Correlation Between Aeris Environmental and Dug Technology
Can any of the company-specific risk be diversified away by investing in both Aeris Environmental and Dug Technology at the same time? Although using a correlation coefficient on its own may not help to predict future stock returns, this module helps to understand the diversifiable risk of combining Aeris Environmental and Dug Technology into the same portfolio, which is an essential part of the fundamental portfolio management process.
By analyzing existing cross correlation between Aeris Environmental and Dug Technology, you can compare the effects of market volatilities on Aeris Environmental and Dug Technology and check how they will diversify away market risk if combined in the same portfolio for a given time horizon. You can also utilize pair trading strategies of matching a long position in Aeris Environmental with a short position of Dug Technology. Check out your portfolio center. Please also check ongoing floating volatility patterns of Aeris Environmental and Dug Technology.
Diversification Opportunities for Aeris Environmental and Dug Technology
0.71 | Correlation Coefficient |
Poor diversification
The 3 months correlation between Aeris and Dug is 0.71. Overlapping area represents the amount of risk that can be diversified away by holding Aeris Environmental and Dug Technology in the same portfolio, assuming nothing else is changed. The correlation between historical prices or returns on Dug Technology and Aeris Environmental is a relative statistical measure of the degree to which these equity instruments tend to move together. The correlation coefficient measures the extent to which returns on Aeris Environmental are associated (or correlated) with Dug Technology. Values of the correlation coefficient range from -1 to +1, where. The correlation of zero (0) is possible when the price movement of Dug Technology has no effect on the direction of Aeris Environmental i.e., Aeris Environmental and Dug Technology go up and down completely randomly.
Pair Corralation between Aeris Environmental and Dug Technology
Assuming the 90 days trading horizon Aeris Environmental is expected to generate 0.63 times more return on investment than Dug Technology. However, Aeris Environmental is 1.58 times less risky than Dug Technology. It trades about -0.31 of its potential returns per unit of risk. Dug Technology is currently generating about -0.27 per unit of risk. If you would invest 8.50 in Aeris Environmental on October 7, 2024 and sell it today you would lose (1.00) from holding Aeris Environmental or give up 11.76% of portfolio value over 90 days.

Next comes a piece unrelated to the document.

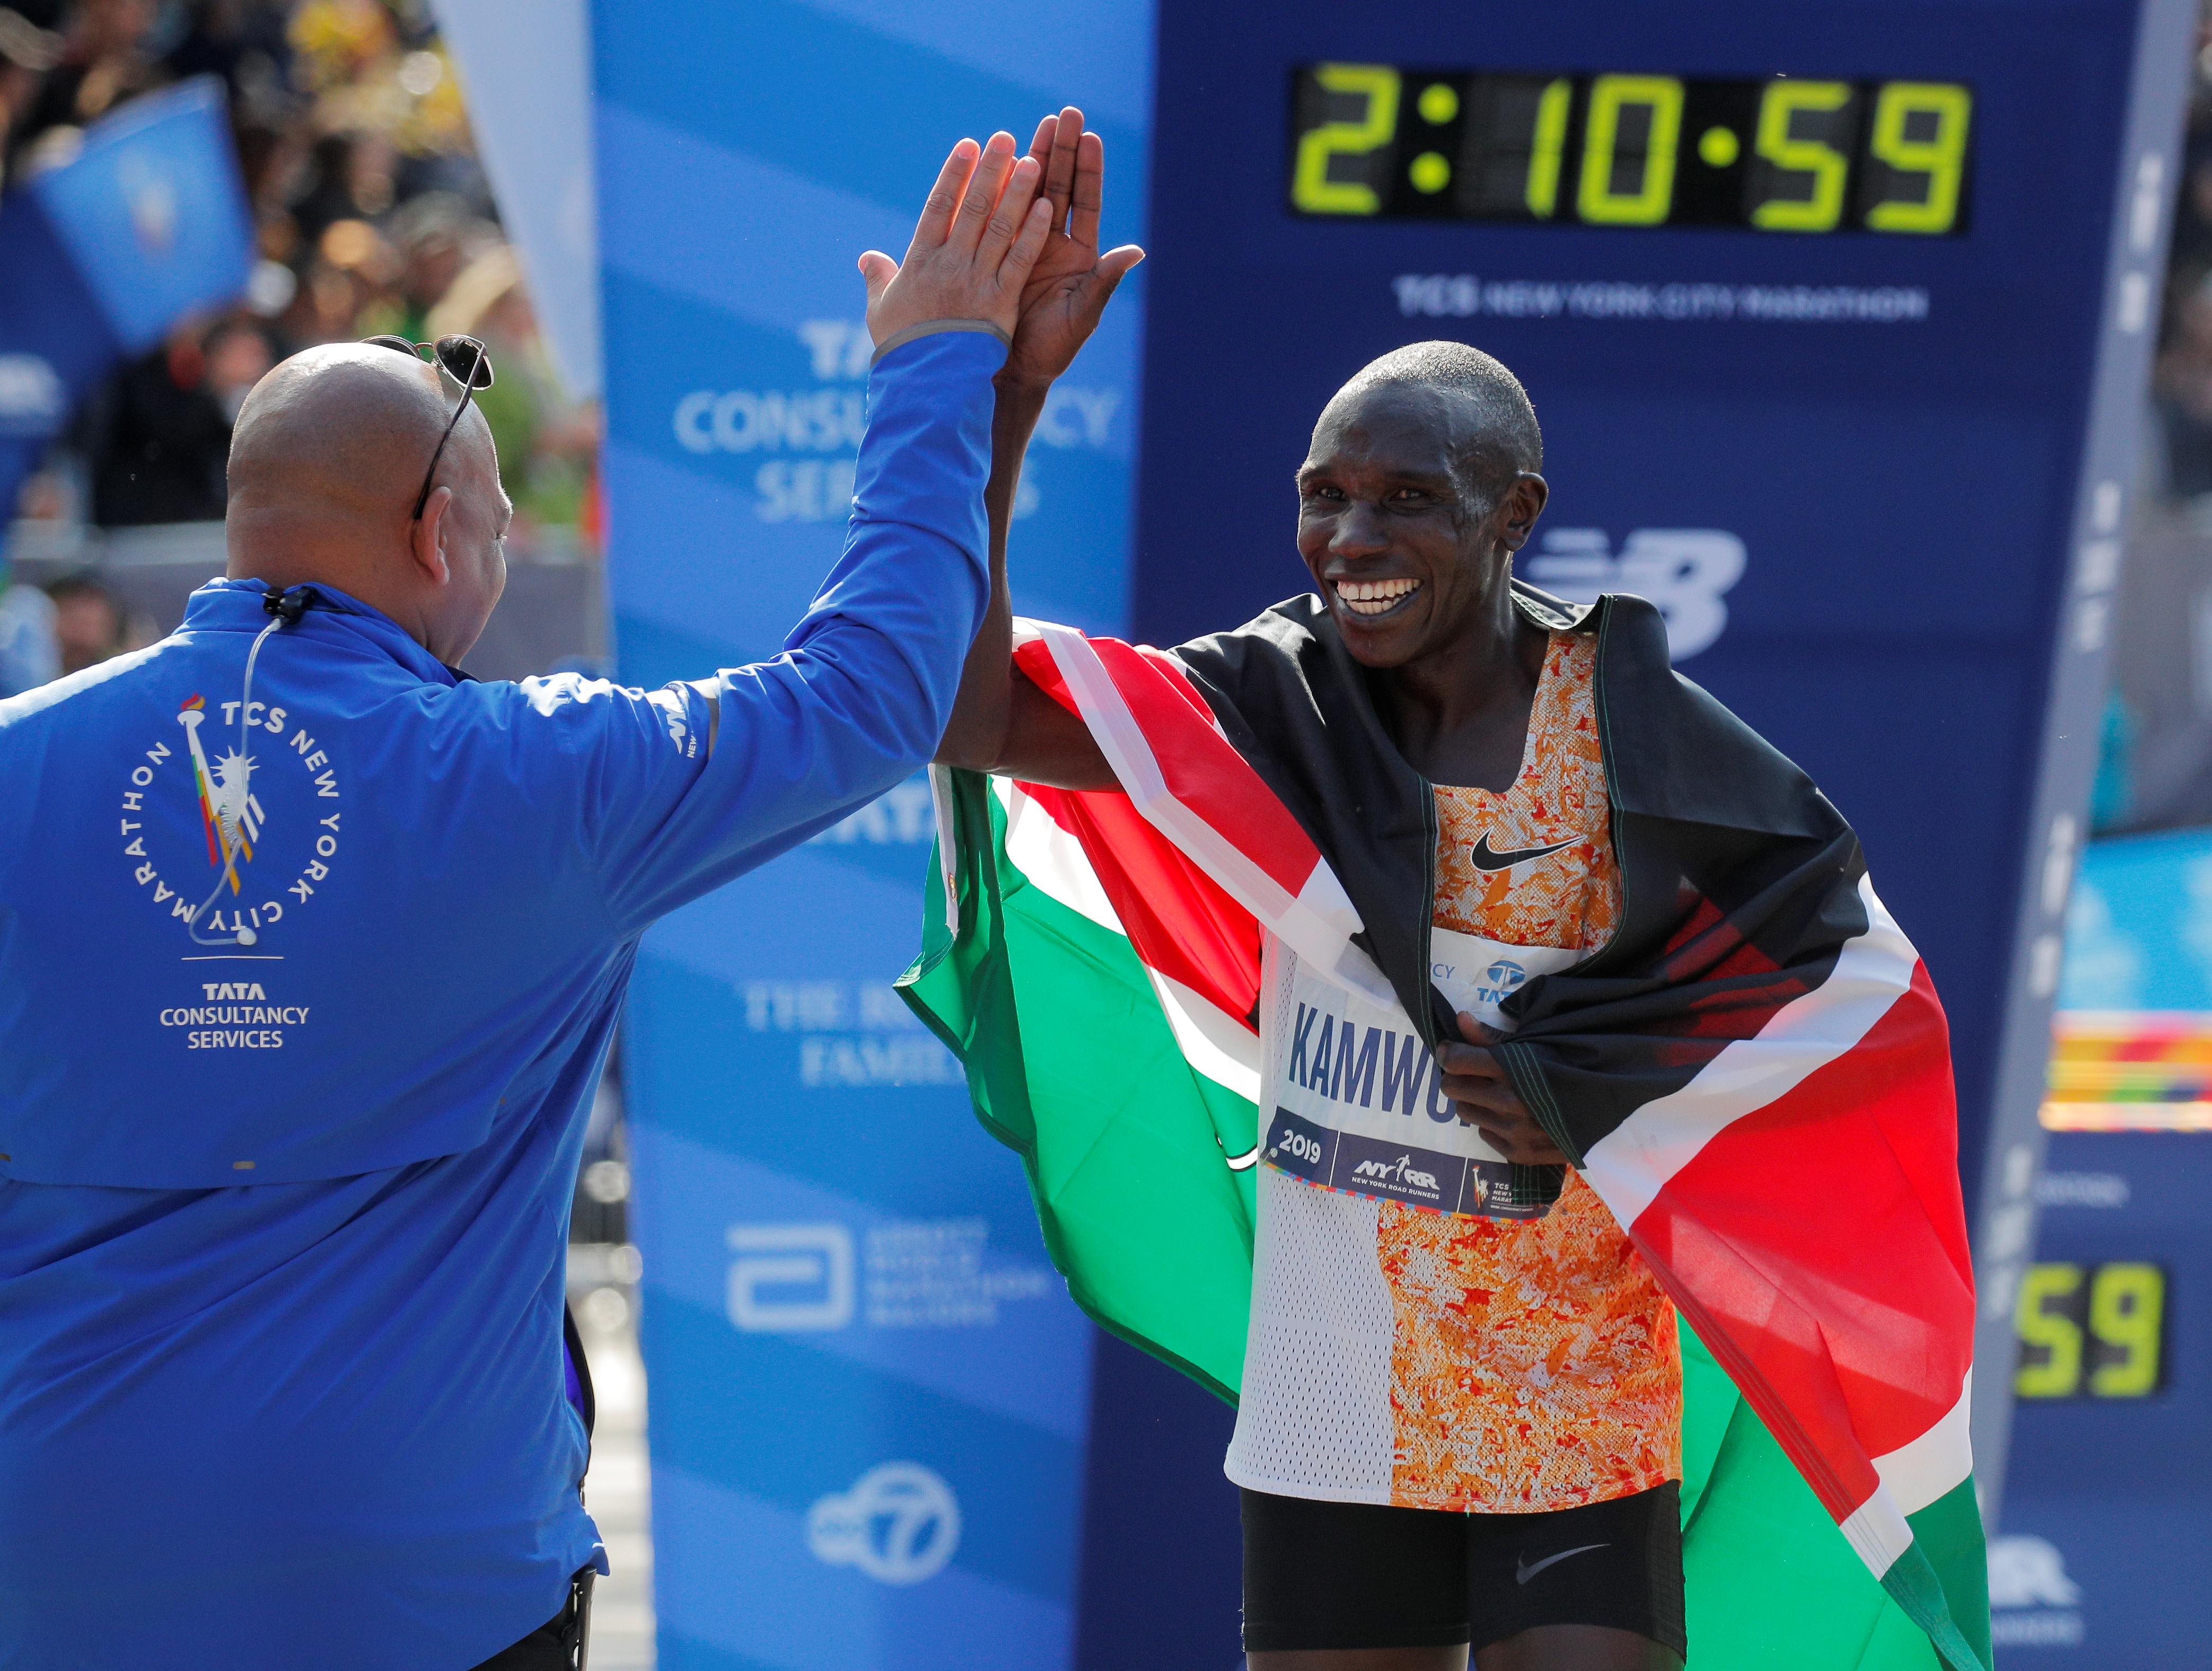 El keniano de 26 años se consagró como el mejor por segunda vez en los últimos tres años

Time Period | 3 Months [change] |
Direction | Moves Together |
Strength | Significant |
Accuracy | 100.0% |
Values | Daily Returns |
Aeris Environmental vs. Dug Technology
Performance |
Timeline |
Aeris Environmental |
Dug Technology |
Aeris Environmental and Dug Technology Volatility Contrast
Predicted Return Density |
Returns |
Pair Trading with Aeris Environmental and Dug Technology
The main advantage of trading using opposite Aeris Environmental and Dug Technology positions is that it hedges away some unsystematic risk. Because of two separate transactions, even if Aeris Environmental position performs unexpectedly, Dug Technology can make up some of the losses. Pair trading also minimizes risk from directional movements in the market. For example, if an entire industry or sector drops because of unexpected headlines, the short position in Dug Technology will offset losses from the drop in Dug Technology's long position.Aeris Environmental vs. Aneka Tambang Tbk | Aeris Environmental vs. BHP Group Limited | Aeris Environmental vs. Commonwealth Bank | Aeris Environmental vs. Commonwealth Bank of |
Dug Technology vs. Aneka Tambang Tbk | Dug Technology vs. Commonwealth Bank | Dug Technology vs. Commonwealth Bank of | Dug Technology vs. Australia and New |
Check out your portfolio center.Note that this page's information should be used as a complementary analysis to find the right mix of equity instruments to add to your existing portfolios or create a brand new portfolio. You can also try the Volatility Analysis module to get historical volatility and risk analysis based on latest market data.